Multi-center population-based cohort study of nine integrated ICUs in Alberta, Canada. Path-analysis modeling was adopted to investigate direct and indirect associations between strain (available beds ≤1; occupancy ≥95%) and outcomes. Mixed-effects multivariate regression was used to measure the association between strain and acuity (APACHE II score), and both acuity and strain measures on ICU mortality and length of stay.
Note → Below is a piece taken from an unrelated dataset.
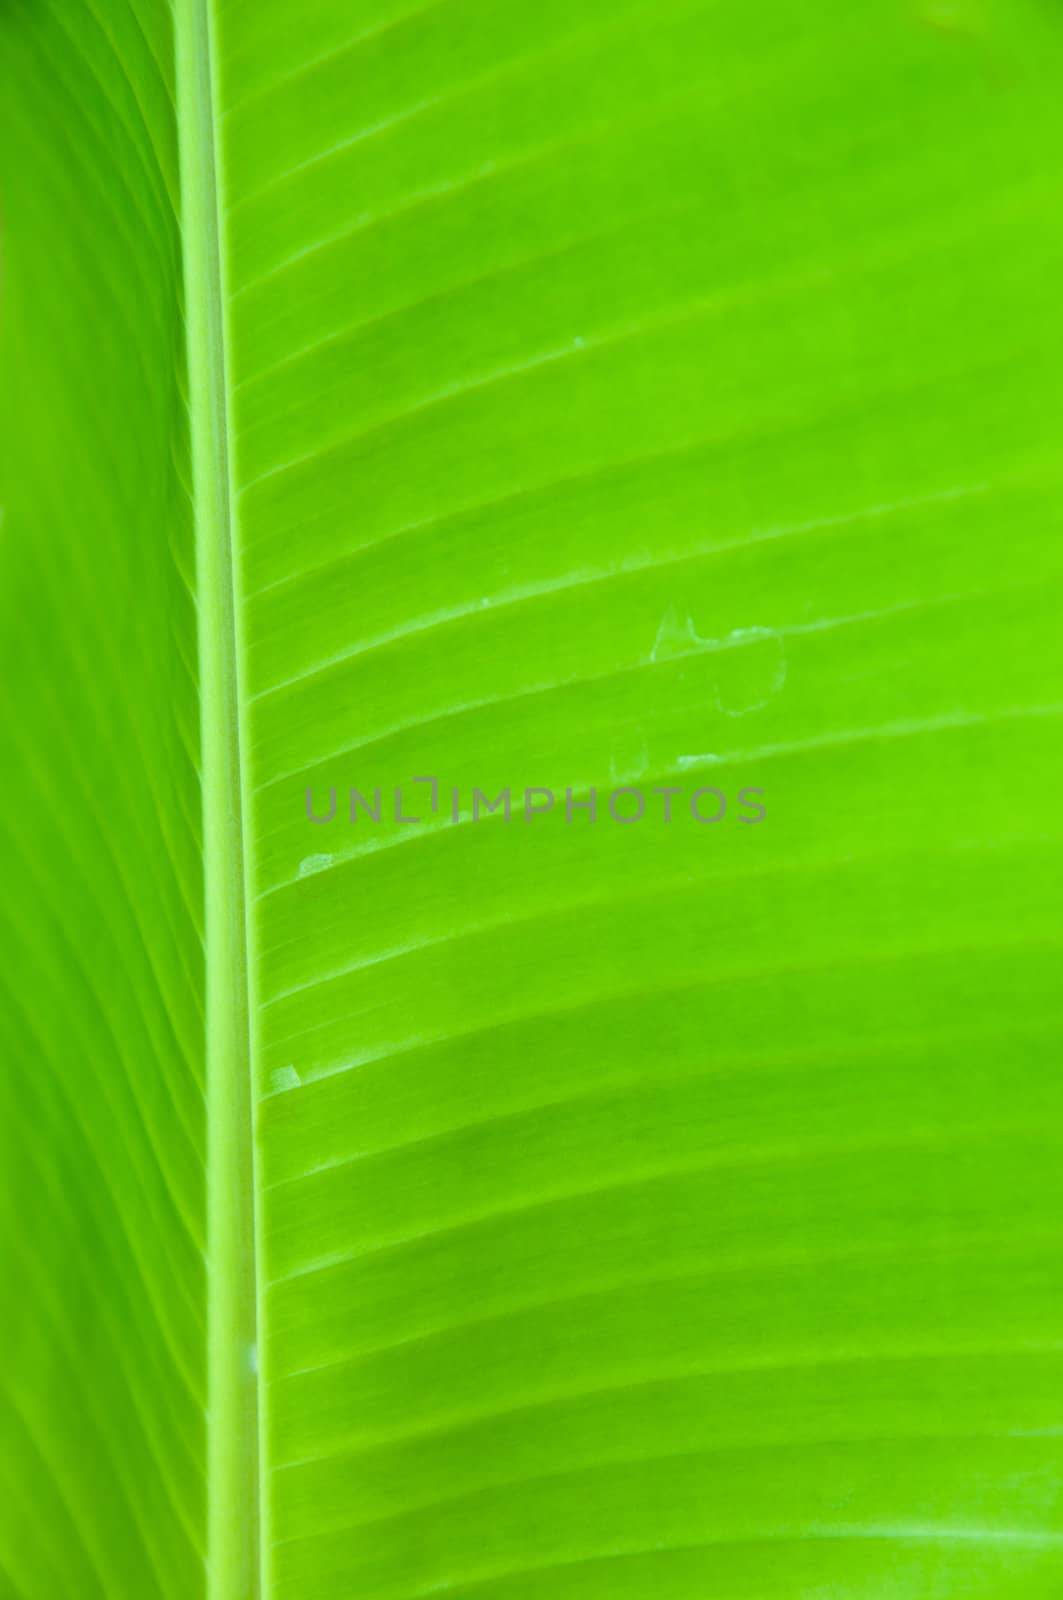 Green Banana Leaf by sayhmog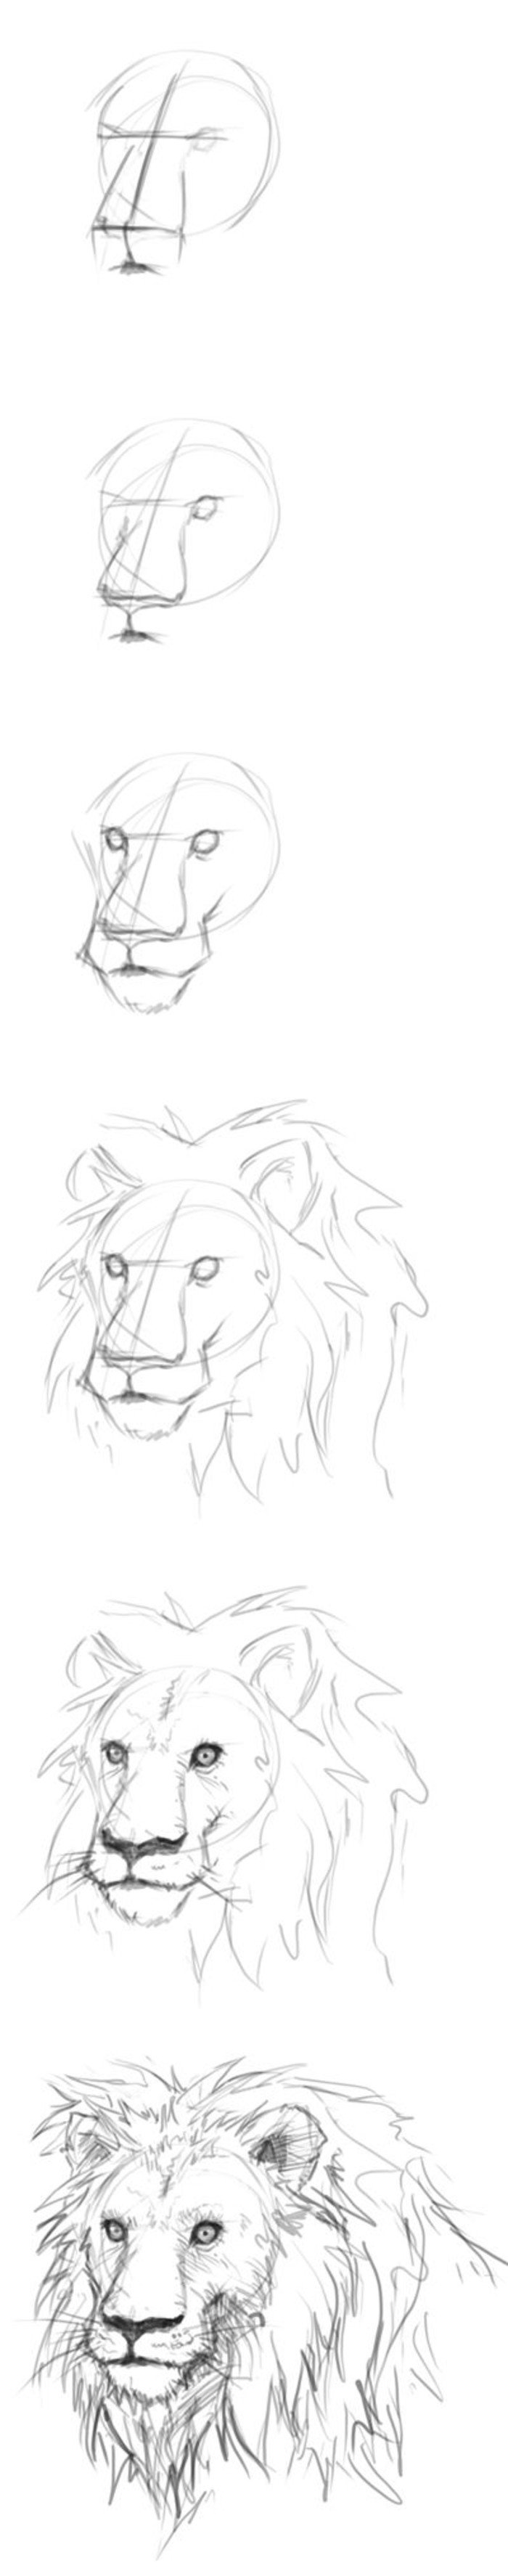 Поэтапное рисование головы Льва

12,265 admissions comprise the study cohort. Available beds ≤1 and occupancy ≥95% occurred for 22.3% and 17.0% of admissions. Lower bed availability was associated with higher APACHE II score (p < 0.0001). The direct effect of ≤1 available beds at ICU admission on ICU mortality was 11.6% (OR 1.116; 95% CI, 0.995–1.252). Integrating direct and indirect effects resulted in a 16.5% increased risk of ICU mortality (OR 1.165; 95% CI, 1.036–1.310), which exceeded the direct effect by 4.9%. Findings were similar with strain defined as occupancy ≥95%. Strain was associated with shorter ICU stay, primarily mediated by greater acuity.


Strained capacity was associated with increased ICU mortality, partly mediated through greater illness acuity. Future work should consider both the direct and indirect relationships of strain on outcomes.